SU1714425A2 - Method for determining bending rigidity of flexible samples - Google Patents

Abstract

The invention relates to a testing technique and can be used in determining the flexural rigidity of flexible specimens. The purpose of the invention is to increase the reliability of the tests. A twisted flexible specimen is loaded with a tensile force and is placed on a supporting surface of a given curvature, made in the form of biaxisymmetric sections arranged with a gap. The sample is bent at these sites until the arc length of the sample bend in each section is not equal to or equal to an odd number of half the striding step of the sample, and the deflection and radius of curvature in the gap between the sections are determined. Then, in the same way, the sample is loaded until - until the arc length of the sample bend at each site becomes a multiple of an even number of half of the lay of the twist pitch, and the deflection and radius of curvature are determined. From the measured values, the bending stiffness is determined. The implementation of sequential bending with an arc length that is a multiple of an even and odd number of half-steps of the sample lay-up ensures the determination of the minimum and maximum values of flexural rigidity when testing twisted flexible samples, which provides increased reliability. 2 Il.

Description

The invention relates to a testing technique, and specifically to methods for determining the flexural rigidity of flexible specimens, and is an improvement of the invention according to the author. St. N 1196726.

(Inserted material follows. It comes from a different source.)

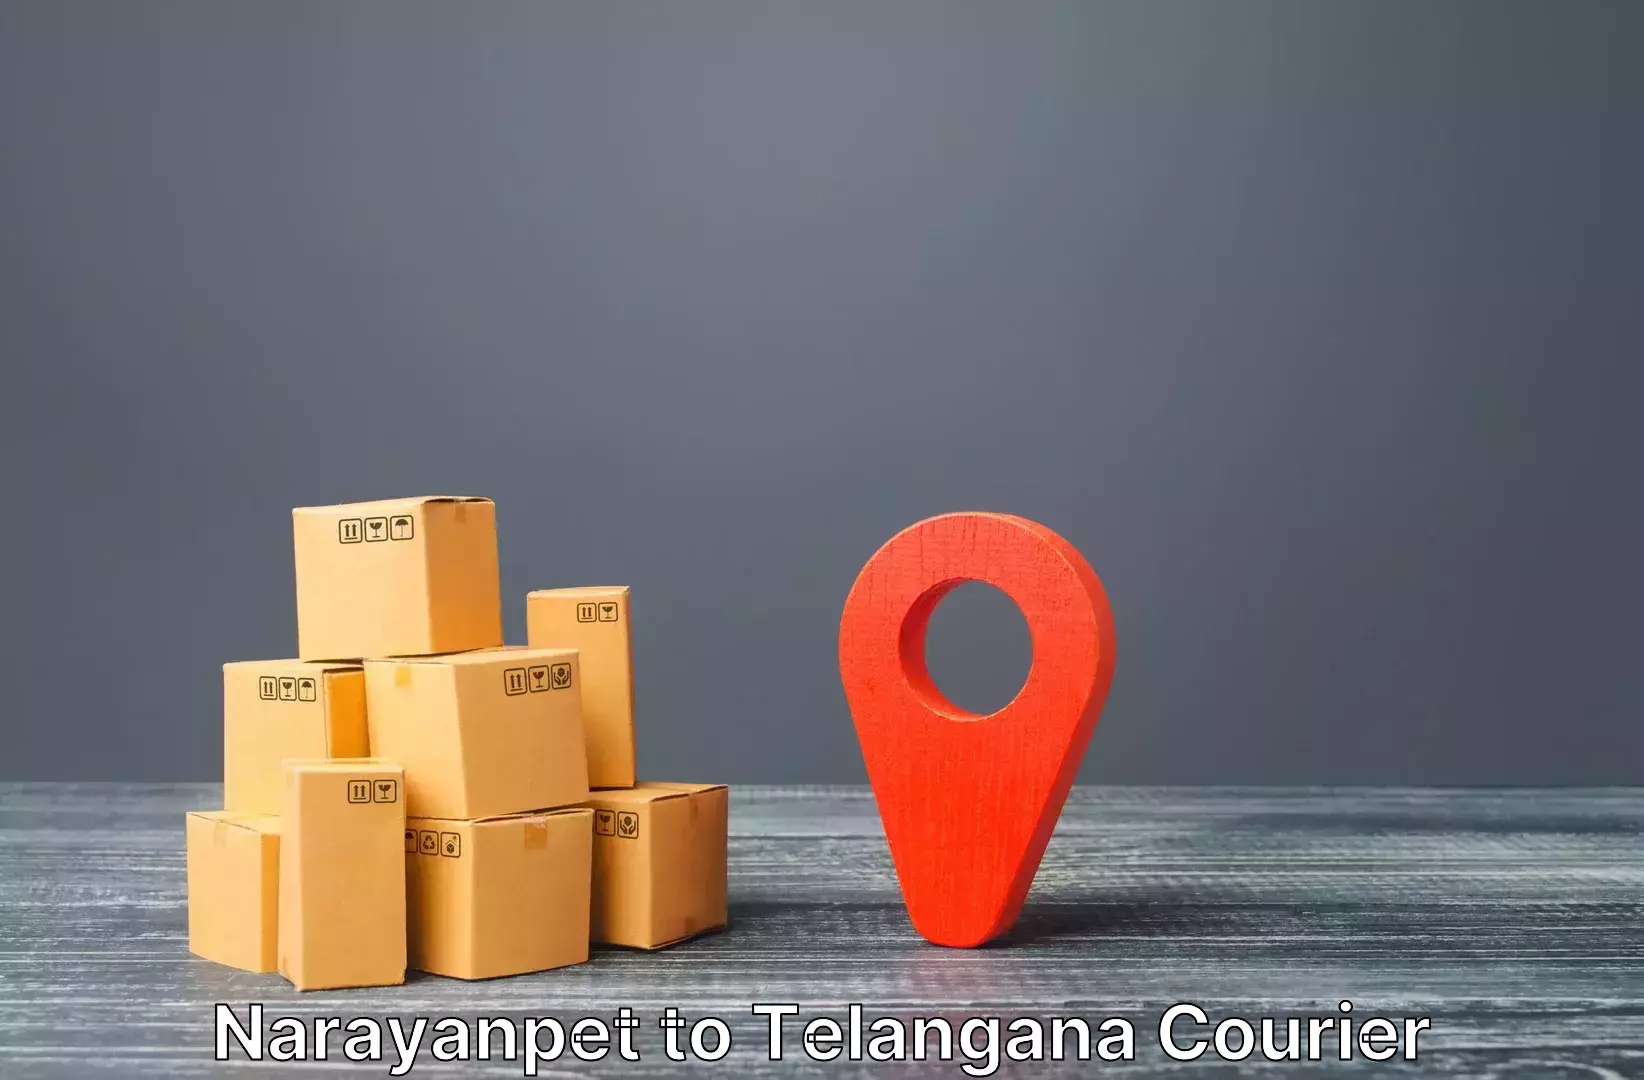 Luggage transfer service Narayanpet to Mogulla Pally

The purpose of the invention is to increase the reliability of tests by determining the limits of bending stiffness of twisted flexible specimens.

FIG. Figure 1 shows the test pattern of the sample at the arc length of the bend of the symmetric sections of the support surface, multiple to an odd number of half-steps of the sample; in fig. 2 - the same, on the length of the arc of bending of the axisymmetric sections of the reference

the surface is a multiple of the even number of half-steps of the pattern.

The method is carried out as follows.

The twisted flexible sample 1 is loaded with a tensile force T, then placed on a supporting surface of a given curvature, made in the form of two axisymmetric sections 2 arranged with a gap, and the sample 1 is bent in these areas until the bending arc length of sample 1 on each Of the sections 2, the deflection YO and the radius / 00 of the curvature of sample 1 in the gap between sections 2, the values of which determine the amount of flexural rigidity, are known. After this, sample 1 is bent until the length of the arc of bending of sample 1 at each study area 2 becomes equal to or a multiple of an even half the stride step of sample 1. In this position, the deflection Yp and the radius of curvature of sample 1 are measured respectively in the gap between sections 2, the values of which also determine the value of the flexural rigidity by known dependencies.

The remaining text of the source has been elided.